Noah: Ria, you went to the World Deaf Badminton Championships at Taipei, recently. You were the only athlete representing USADSF, how did that feel, going through this experience?

Ria: The experience was AMAZING, because I was the only lone representative for USADSF. Wow, an amazing experience for me.

It was my first time participating in an international tournament. It was such an interesting experience meeting different players from different countries. It was also so nice to go sightseeing and learn about their culture. It was really amazing!

Noah: I do understand, actually I went to Taipei for the World Deaf Basketball Championships in 2015. I agree with you, it was such a beautiful cultural experience. I thoroughly enjoyed myself there so I know how that feels!

Image: Ria and Coach/Father, Krishna

Noah: We really look forward to having you represent USADSF at our upcoming 2021 Summer Deaflympics. What has your training for the Deaflympics been like?

Ria: My training, what I have been doing, is that your question?

Noah: Yes, your training, what is that like for you?

Ria: Okay, my training, what I do, I run three times a week in the morning, that would be to improve my speed, to help with my speed/footwork on the badminton court. I do physical exercises too in between my running schedule, such as jumping ropes; weightlifting; doing pushups, crunches and using battle ropes. That would be my training program. I also play badminton almost every day too. I play with two coaches, one is my regular coach, Henry Ranardo and another coach, who happens to be my father, so I train with both on the badminton court.

Noah: You mention that your dad is also your coach, a badminton player, right? How do you balance the dynamics of your dad being your dad as well as your coach? How do you feel about that?

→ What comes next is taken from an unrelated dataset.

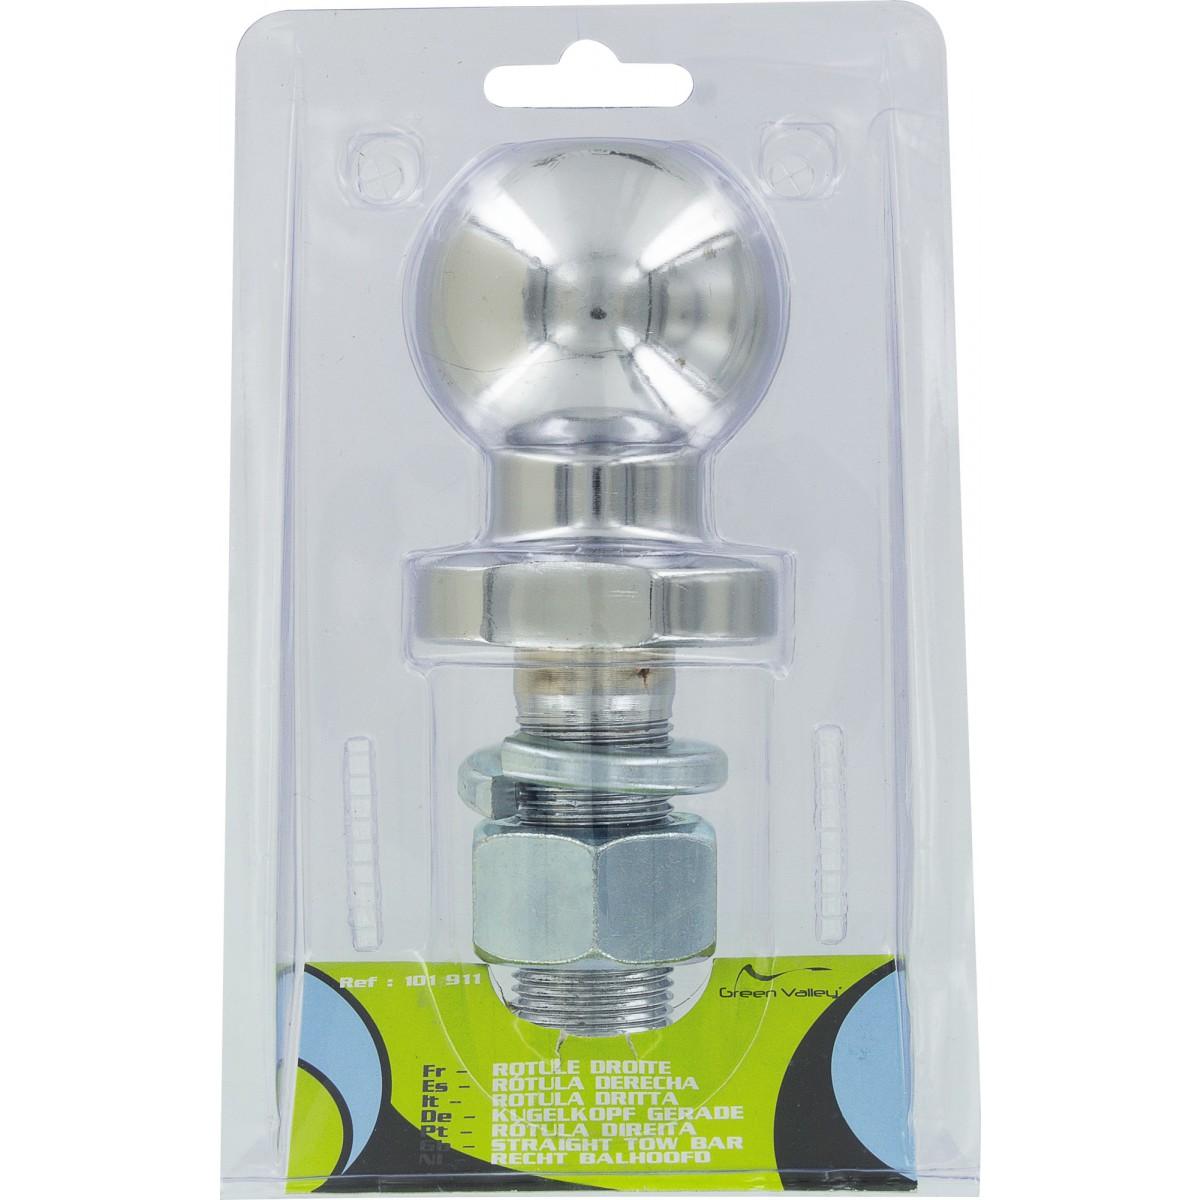 Remorquage rotule droite Flauraud - Diamètre boule 50 mm

Ria: Yes, my dad being my dad and a coach at the same time, I try to divide him in his two roles, for example, when we play badminton, we stay focused with him as my coach and myself as an athlete, and then as a father and a daughter role, outside of the badminton court

Noah: Ha, I share a similar experience as you. My dad is also my coach, it can be a little bit tough that I have to deal with his expectations, right?

Ria. Ha, Yes.

Noah: We have many athletes who do not sign, can you share with us, based on your experiences on how you communicate with athletes who sign, breaking down communication barriers.

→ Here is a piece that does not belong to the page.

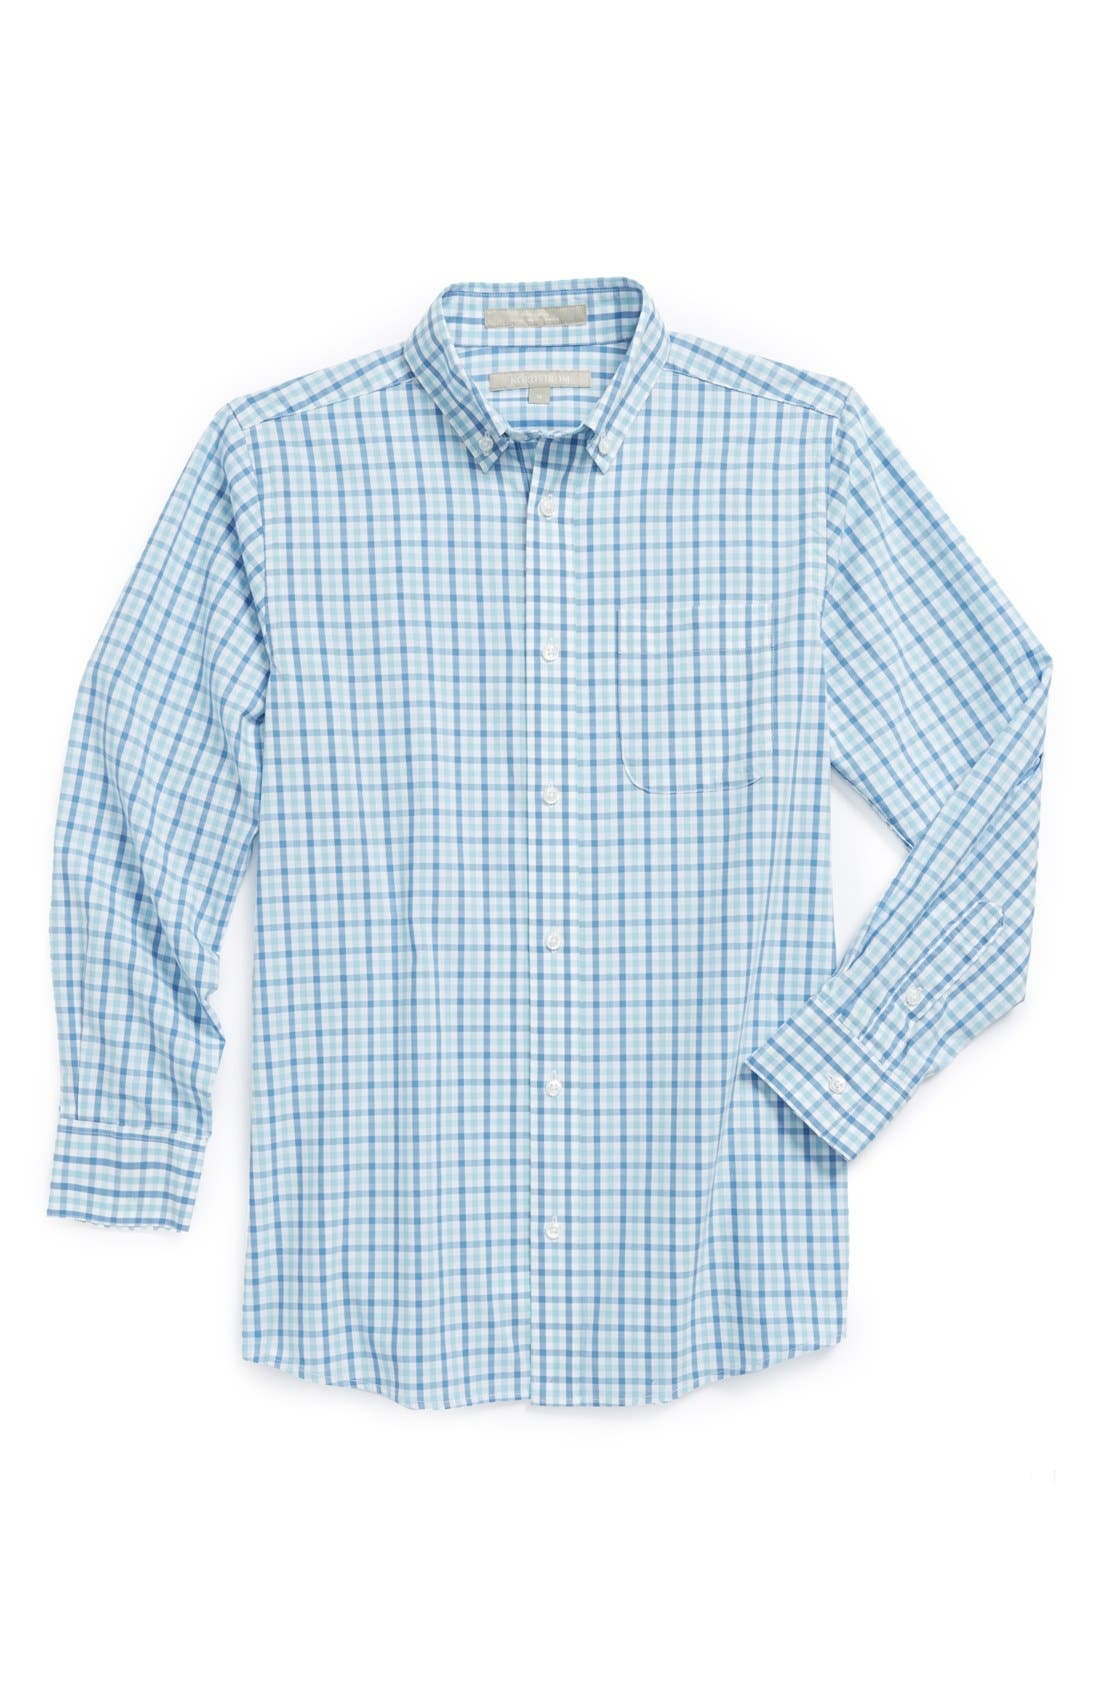 Main Image - Nordstrom 'Michael' Plaid Dress Shirt (Big Boys)

Ria: Okay, when I meet a person/an athlete who signs only, actually I am still learning signs, just a little. I can sign, “my name is”, and fingerspell. I am not fluent in ASL yet, I try, but I also use my phone, using the notepad app to communicate in text. We continue our conversation. Also, some of them do speak well and sign fluently, so I can communicate with them one to one so it works out both ways.

Noah: True, a very interesting experience for you, right? A learning experience. I trust that you will continue to pick up signs in time.

I look forward to meeting you at the 2021 Summer Deaflympics in Brazil .

Image: Ria competing in singles.

Noah: We at the USADSF want to thank Ria for her time interviewing with us today. Until then, so long.